> [Data]
━━━

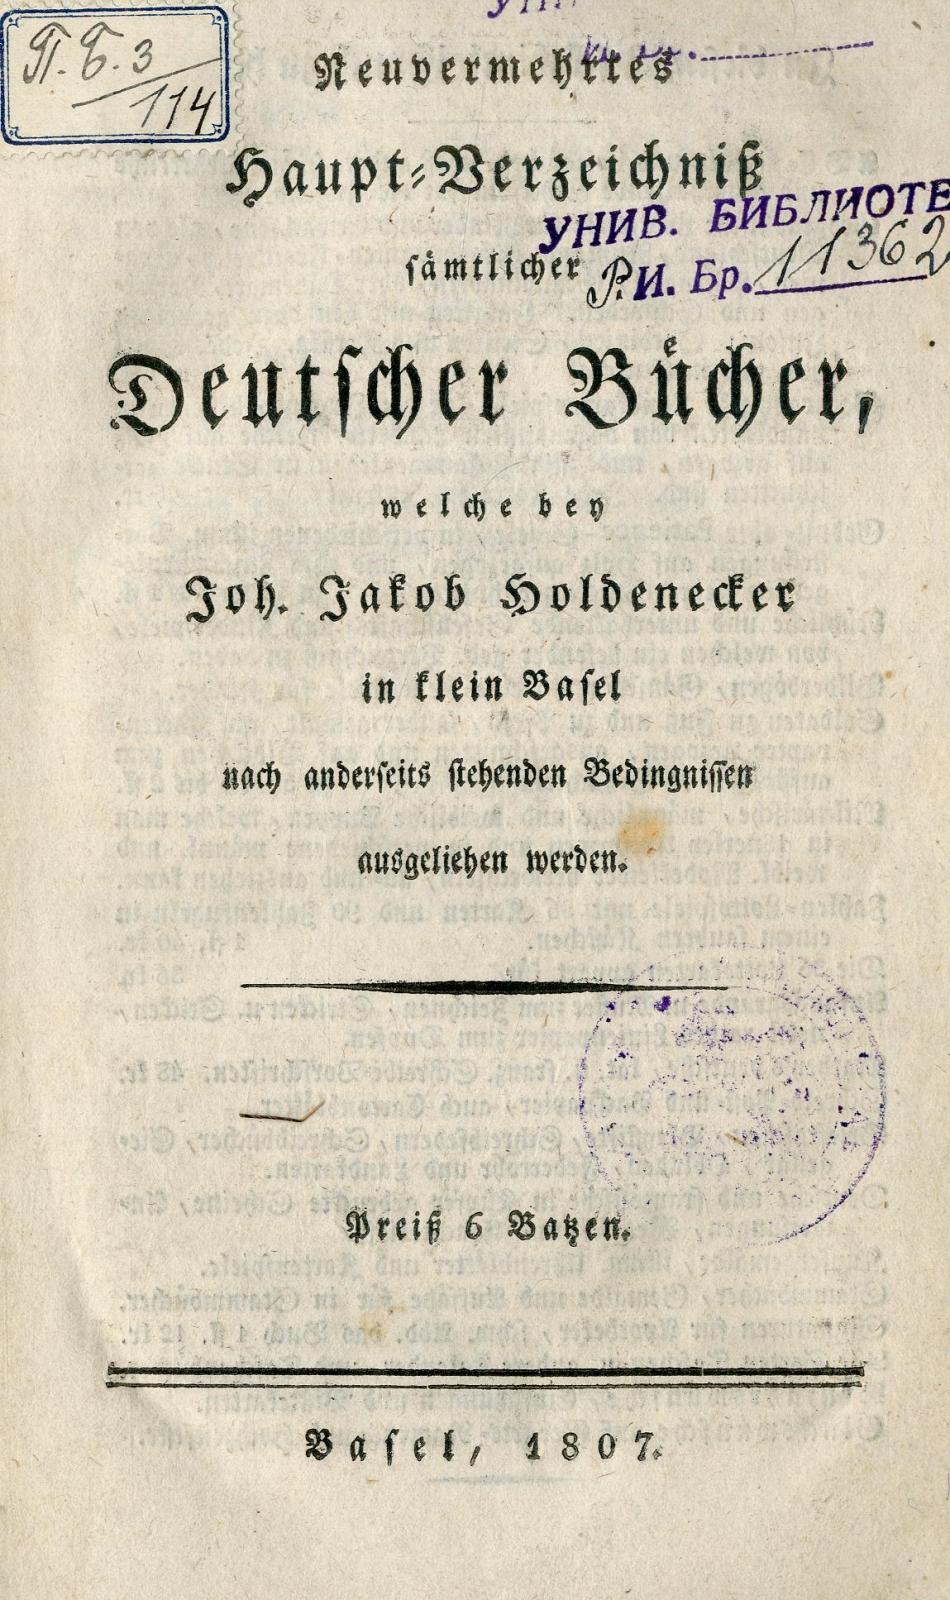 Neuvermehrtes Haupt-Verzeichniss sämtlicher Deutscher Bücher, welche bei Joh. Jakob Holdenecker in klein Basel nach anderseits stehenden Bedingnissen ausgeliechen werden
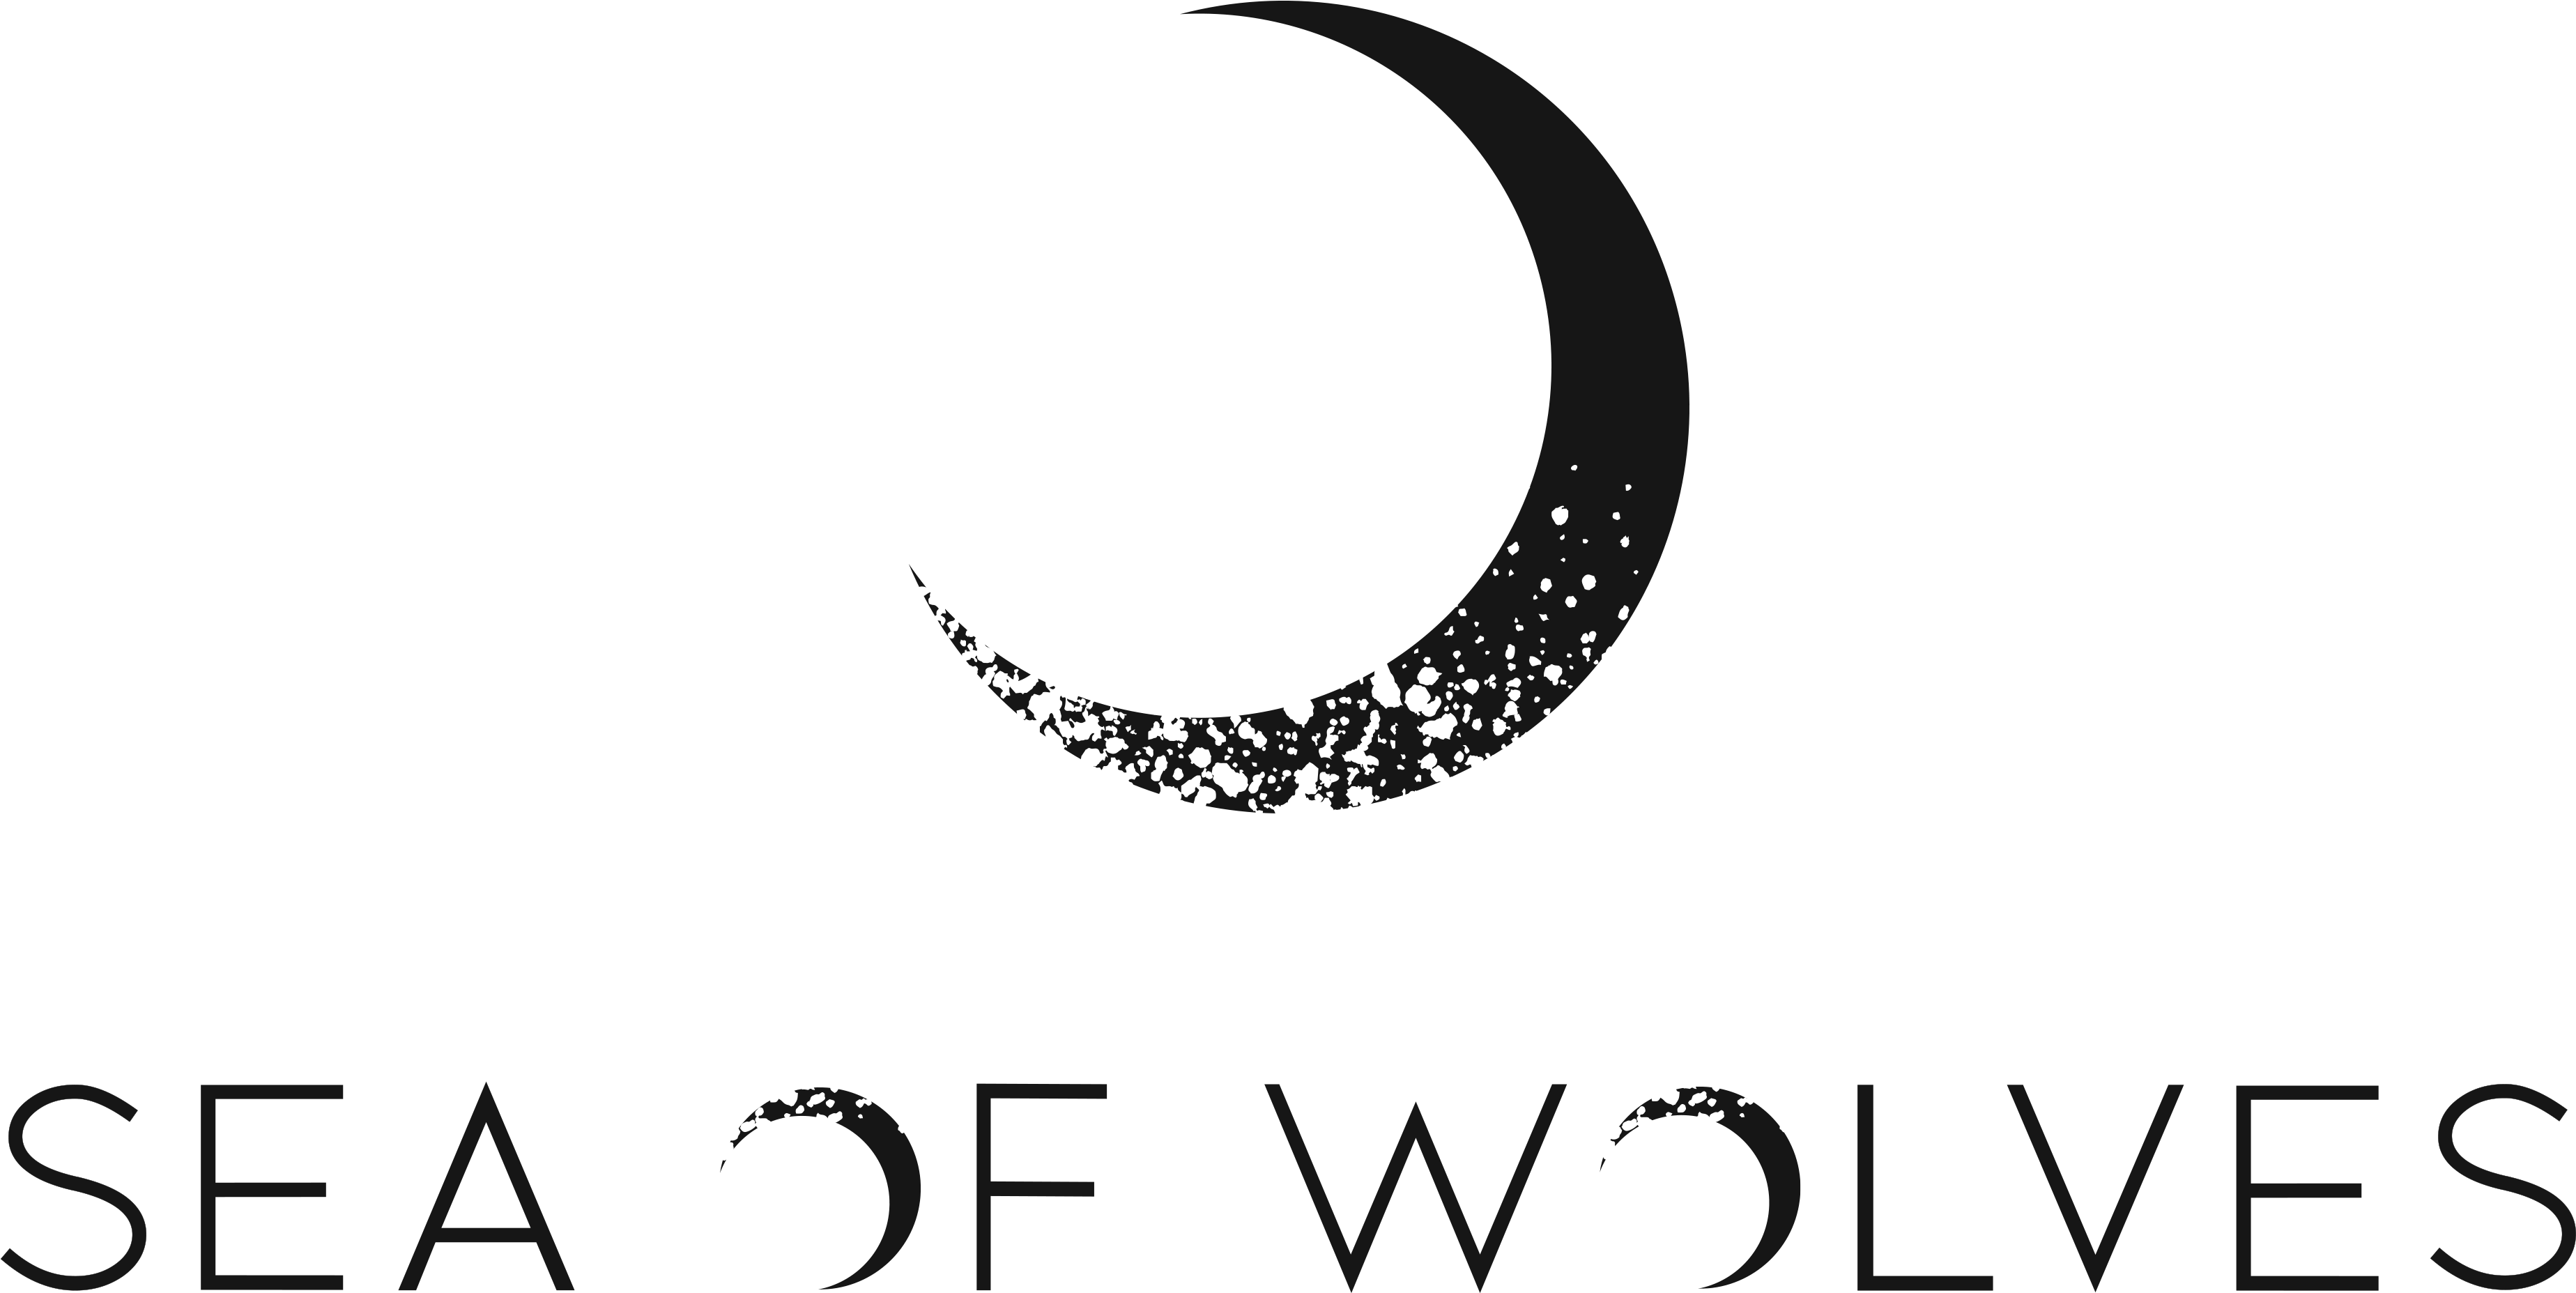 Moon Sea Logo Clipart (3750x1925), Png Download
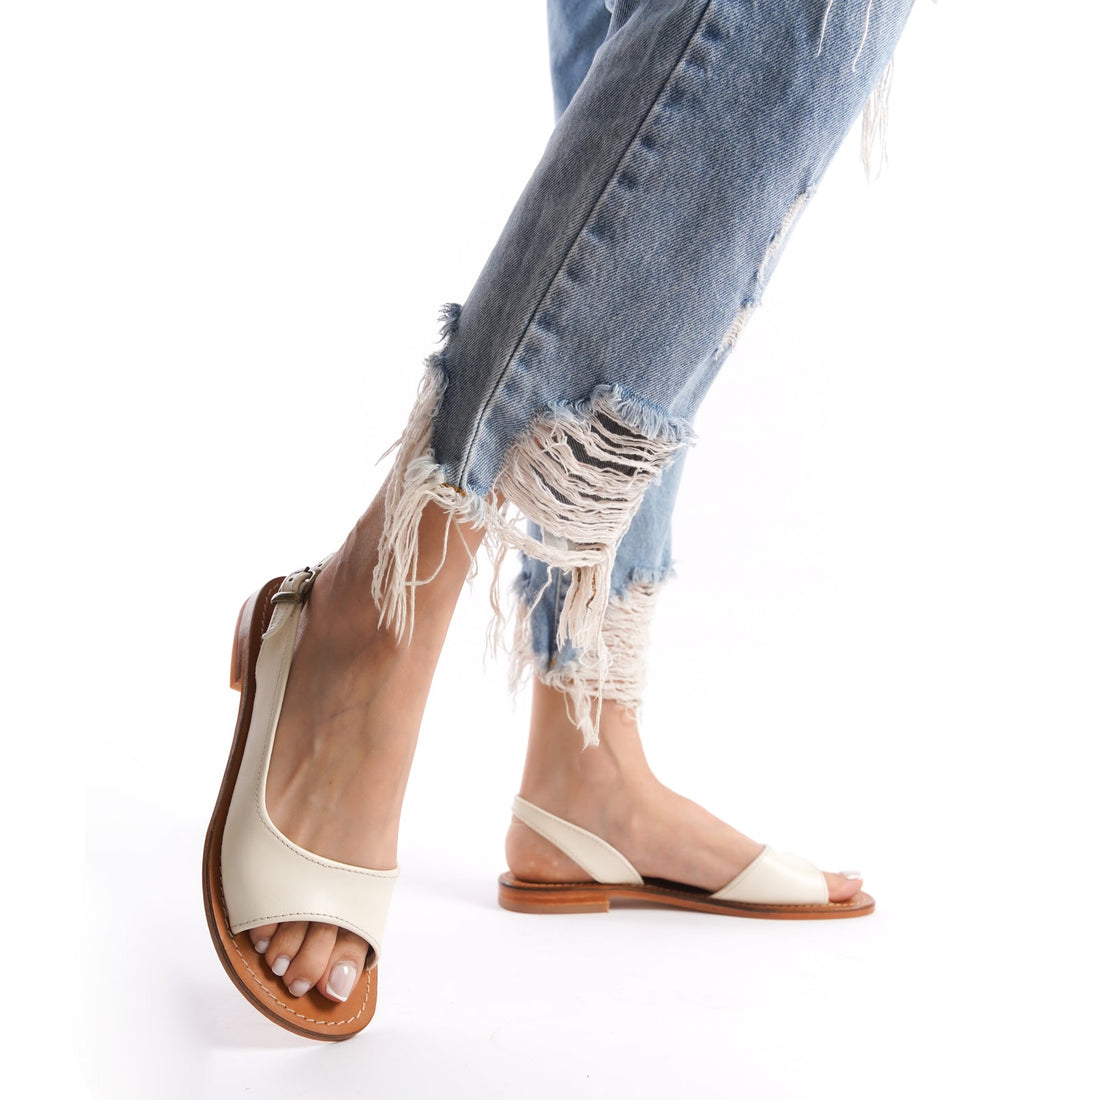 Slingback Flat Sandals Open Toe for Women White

━━━

> [Task requirements] Set the preceding data down again word for word, omitting images.

> [Exercise solution]
 Neuvermehrtes Haupt-Verzeichniss sämtlicher Deutscher Bücher, welche bei Joh. Jakob Holdenecker in klein Basel nach anderseits stehenden Bedingnissen ausgeliechen werden
 Moon Sea Logo Clipart (3750x1925), Png Download
 Slingback Flat Sandals Open Toe for Women White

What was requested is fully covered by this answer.